Friday, July 28, 2017

Chariton and railroading's "Great Upheaval" of 1877

The tracks were rusty and all was eerily quiet around Chariton's 1872 C.B.&Q. Depot for a few days during late July 1877.

"It looks a little odd to see the iron tracks about the depot covered with rust," The Patriot editor wrote in his edition of Wednesday, Aug. 1, 1877. "It is the first time since the rail was built but what the tops of the rails were bright from the moving trains."

Those trains had begun moving into Chariton on newly completed Burlington & Missouri River Railroad tracks 10 years earlier, during early July 1867. In the intervening years, the B.&M.R. line had been taken over by the Chicago Burlington & Quincy. The tracks across southern Iowa to the Missouri River by 1877 were  among the busiest in the nation.

But as the nationwide railroad strike of 1877 --- sometimes called the Great Upheaval --- spread into southern Iowa, the freights stopped rolling on Wednesday, July 25, and the last passenger train, at 2 p.m. on Thursday, July 26.


The Long Depression, which had commenced with the financial panic of 1873, had among other things resulted nationwide in layoffs and wage cuts within the nation's burgeoning railroad industry.

The Great Upheaval began on July 14 in Martinsburg, West Virginia, after officials of the Burlington & Ohio Railroad announced the third round of wage cuts that year. Striking workers blockaded the trains at Martinsburg, the governor called out the state militia to restore service but soldiers refused to fire on striking workers and so the governor appealed for federal troops.

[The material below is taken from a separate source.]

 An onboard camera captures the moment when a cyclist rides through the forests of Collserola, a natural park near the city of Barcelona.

In the days that followed, the strike spread west. In this instance, the largely rural population was in general supportive of the striking workers; business leaders had mixed feelings --- many felt they were being taken advantage of by the railroads but also realized that they couldn't remain in business without them.

The strike in Iowa began with large meetings of C.B.&Q. workers in Creston, Ottumwa and Burlington on July 23. The workers drew up demands and launched the strike on July 25 when freight traffic was halted.

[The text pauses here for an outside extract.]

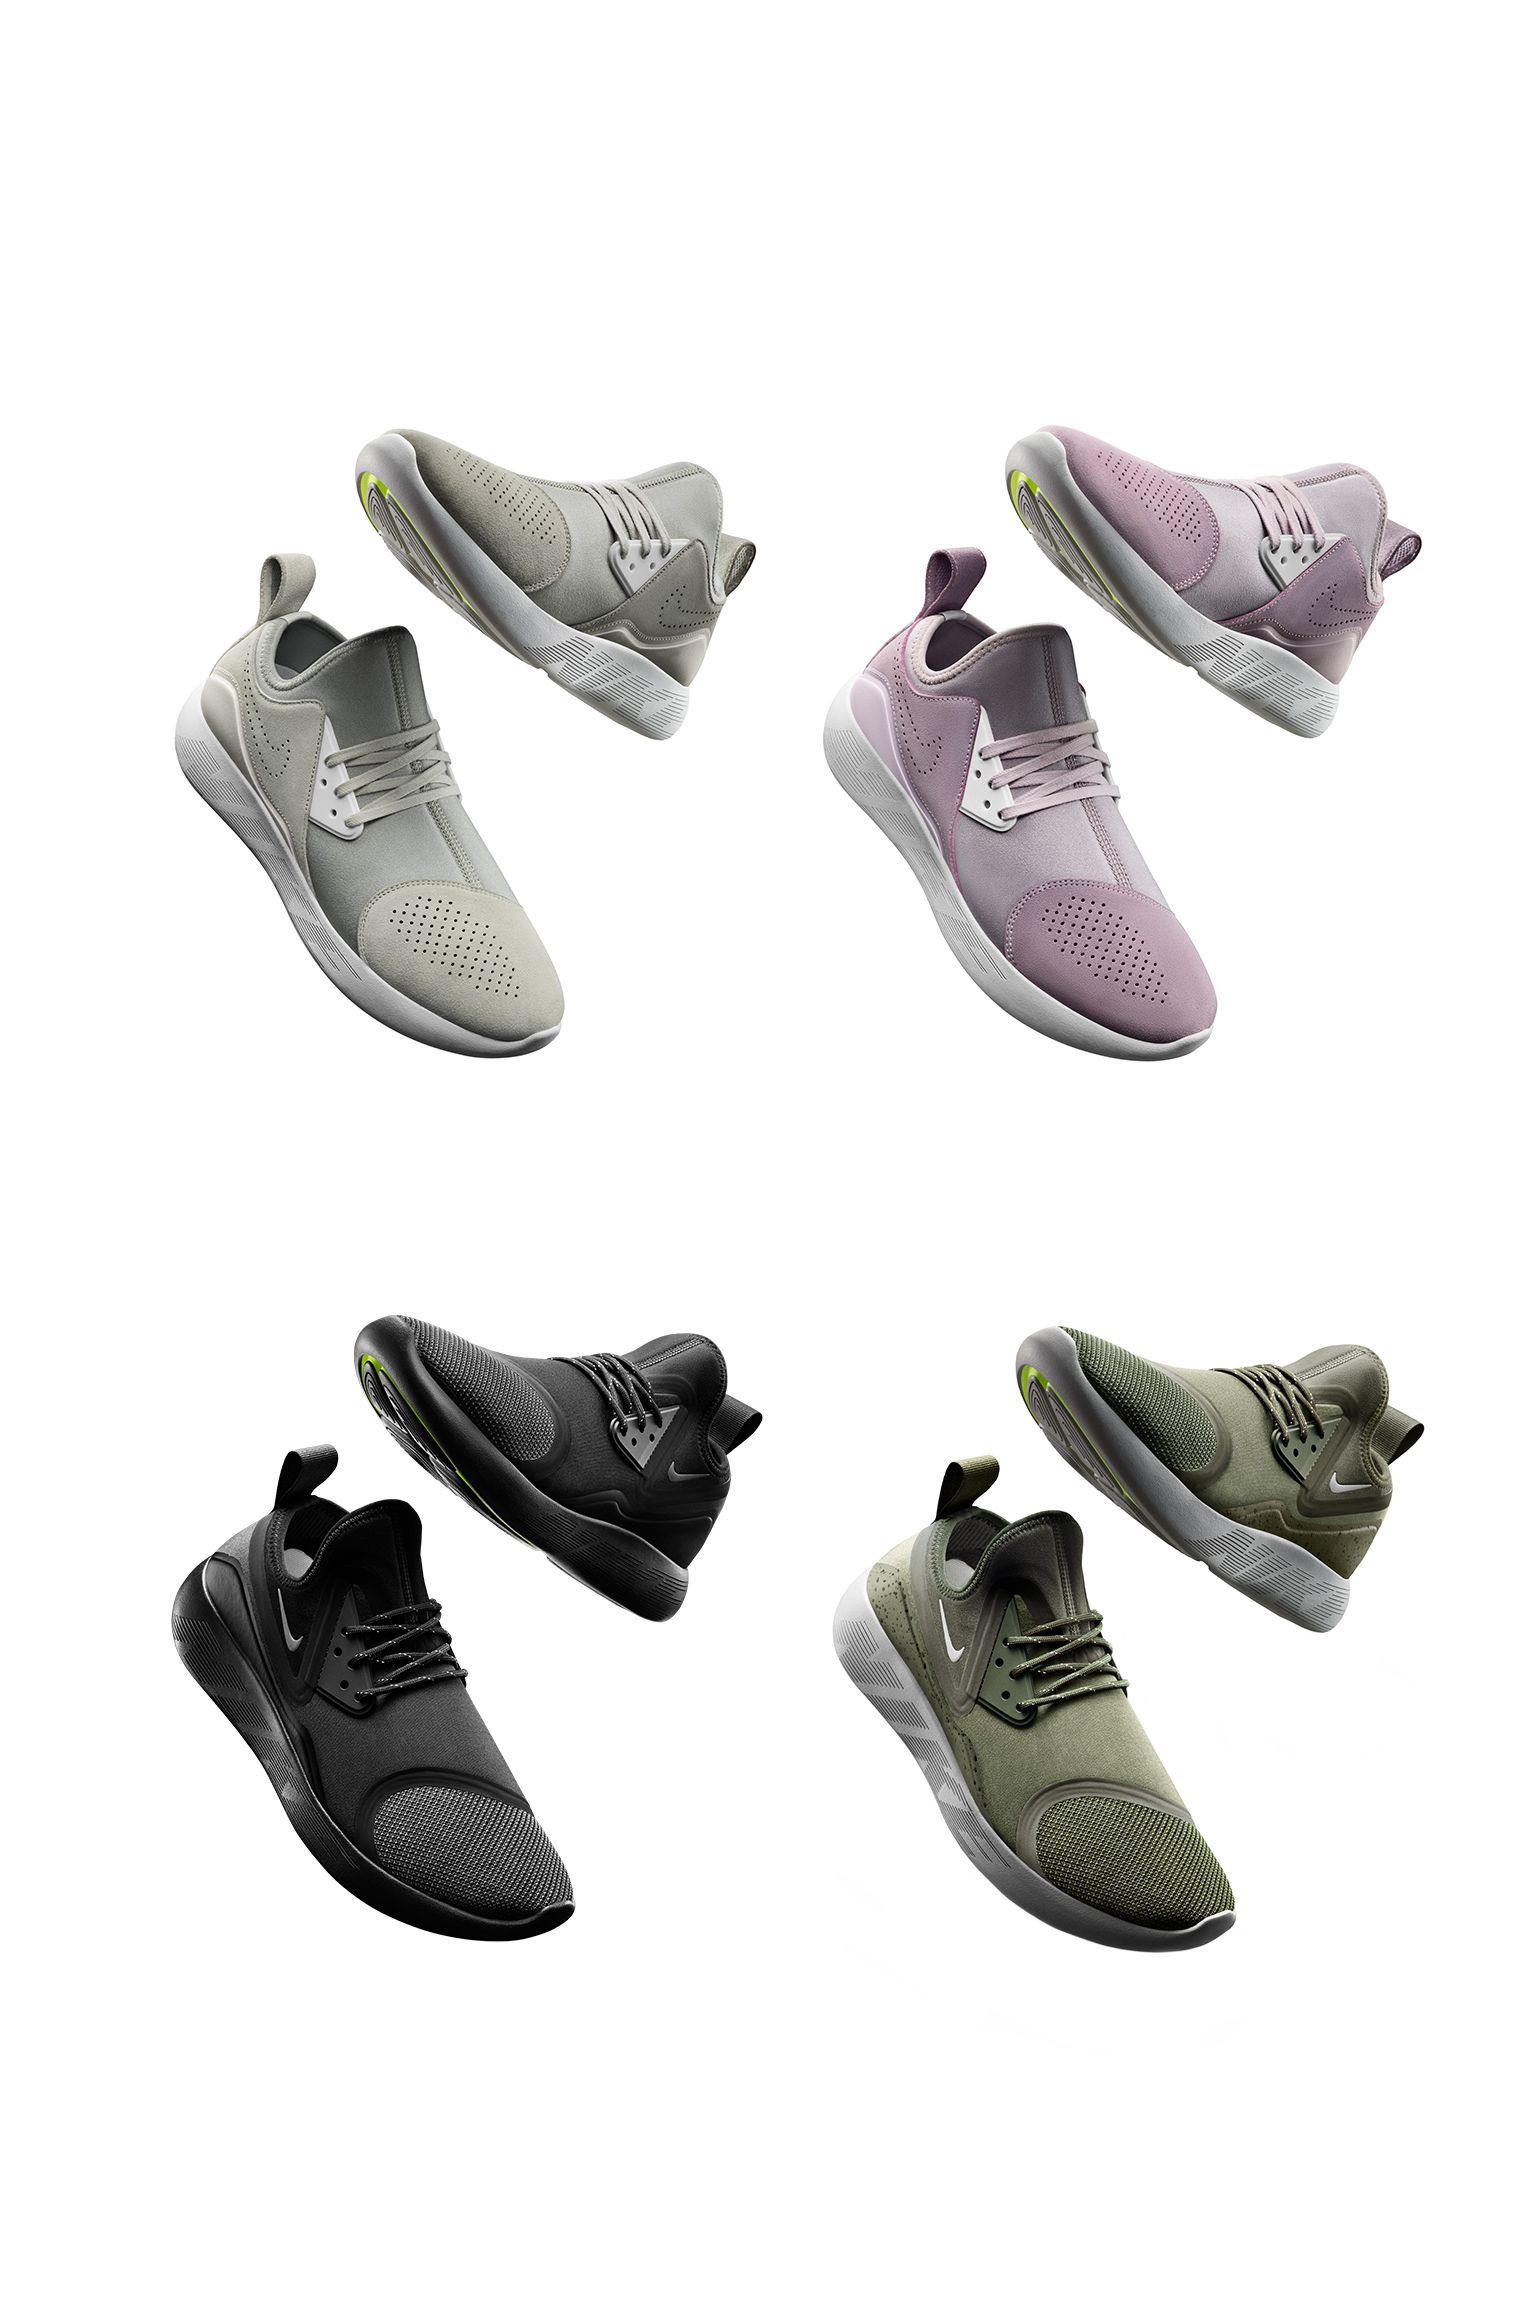 Nike LunarCharge Collection. Nike SNKRS

Charles E. Perkins, then the C.B.&Q. vice-president in charge at Burlington, ordered an end to passenger service the next day to put the squeeze on both the rail workers and those who supported them across the state.

Perkins was a skilled strategist and, working in conjunction with influential business interests in Burlington and elsewhere, engineered an end to the strike using a combination of cajolery and threats. The strike ended at Creston on Aug. 1 and, after that, rail traffic flowed freely again.

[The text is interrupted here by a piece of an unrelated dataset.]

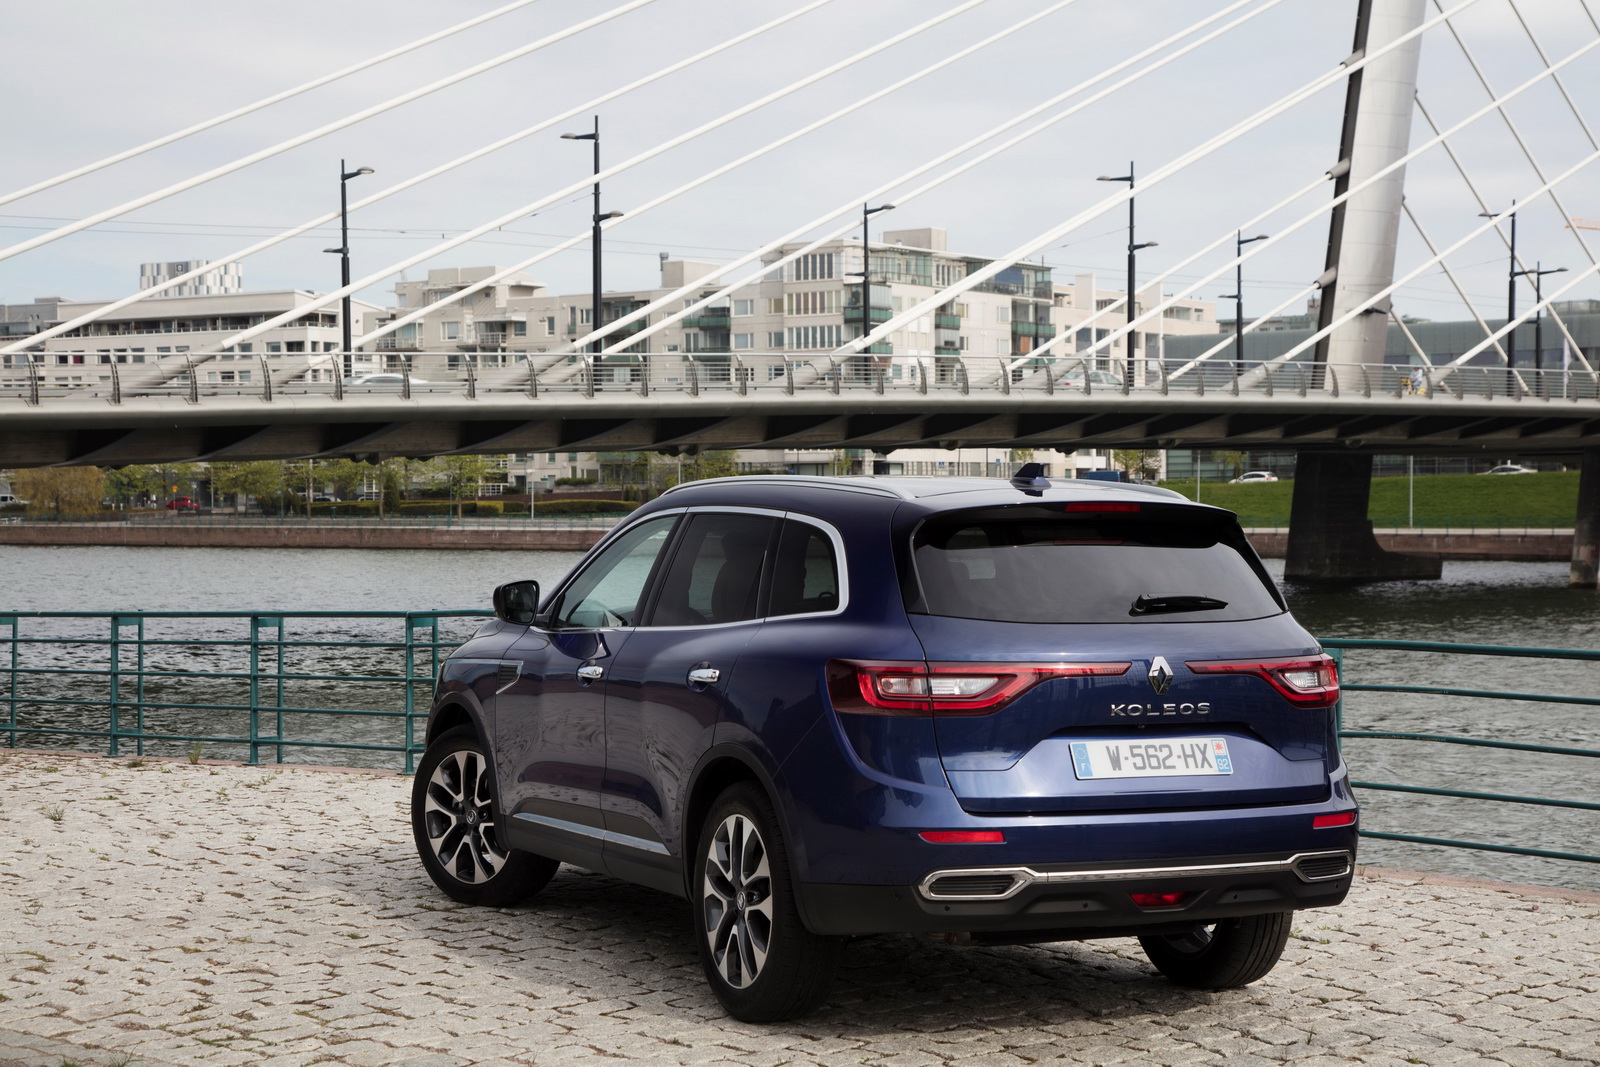 Get A Look At Renault’s New Euro Koleos SUV In 123 Images | Carscoops

Perkins' effort was aided by the fact that the strike was collapsing nationwide at the time. He was skillful enough to head off long-term hostility between worker, rail and business interests. There was no violence either --- and up to a hundred people had died in strike-related violence elsewhere in the country.


Here's how The Patriot reported "The Strike in Chariton" in its edition of August 1:

"The present railroad strike has affected all parts of the country. We dougbt whether there is any remote area of the Union that has been free from a shortage of goods lost or some other reminder of the strike that has doubtless come to every cross road and post office and store in the land.

"In Chariton, the effect was equal to bringing together some three or four Sundays.

"From Thursday last week, at 2 p.m., until Monday of this week at the same time not a wheel rolled over the track nor a whistle or engine bell was heard in our town. The freight trains all stopped on Wednesday of last week and up to time of going to press not one car for the transportation of goods has passed through or even been moved on the side track, although the mail trains are now running about as usual.

"The Branch train (southwest to St. Joseph) was off Friday and Saturday. The mail train on Monday was in charge of a United States Marshal and it is said that at Ottumwa he had to threaten arrest before the engineer could be induced to run from there west.

"The section men were stopped from work by a squad from Woodburn and various rumors were put afloat during the quiet days that caused more or less excitement.

"The train going west on Monday night last remained here some ten hours, fearing that trouble would befall it if it attempted to push past Woodburn, Creston and other rebellious towns west of this place.

"During the whole time, however, not an angry word was heard nor any species of violence attempted at Chariton ---- it was all distressingly quiet. The engineers are still holding out for rmore wages and it is not known when the freight traffic will be resumed.

"Later --- The freight trains have begun to move."


The Patriot also published on Aug. 1, the following order that had been issued by the C.B.&Q. management:

"After today, Monday, July 30, all employees who have not reported their willingness to resume work at once will be deemed to have severed their connection with the company and others will be employed in their places. Ample time for sober reflection has been given and it is hoped that the men will generally resume their places. No one will be discharged for having participated in the strike, in case they signify their readiness for duty by twelve (12) o'clock tonight. After the business of the road has resumed its regular channels, the company will be ready to consider any grievances."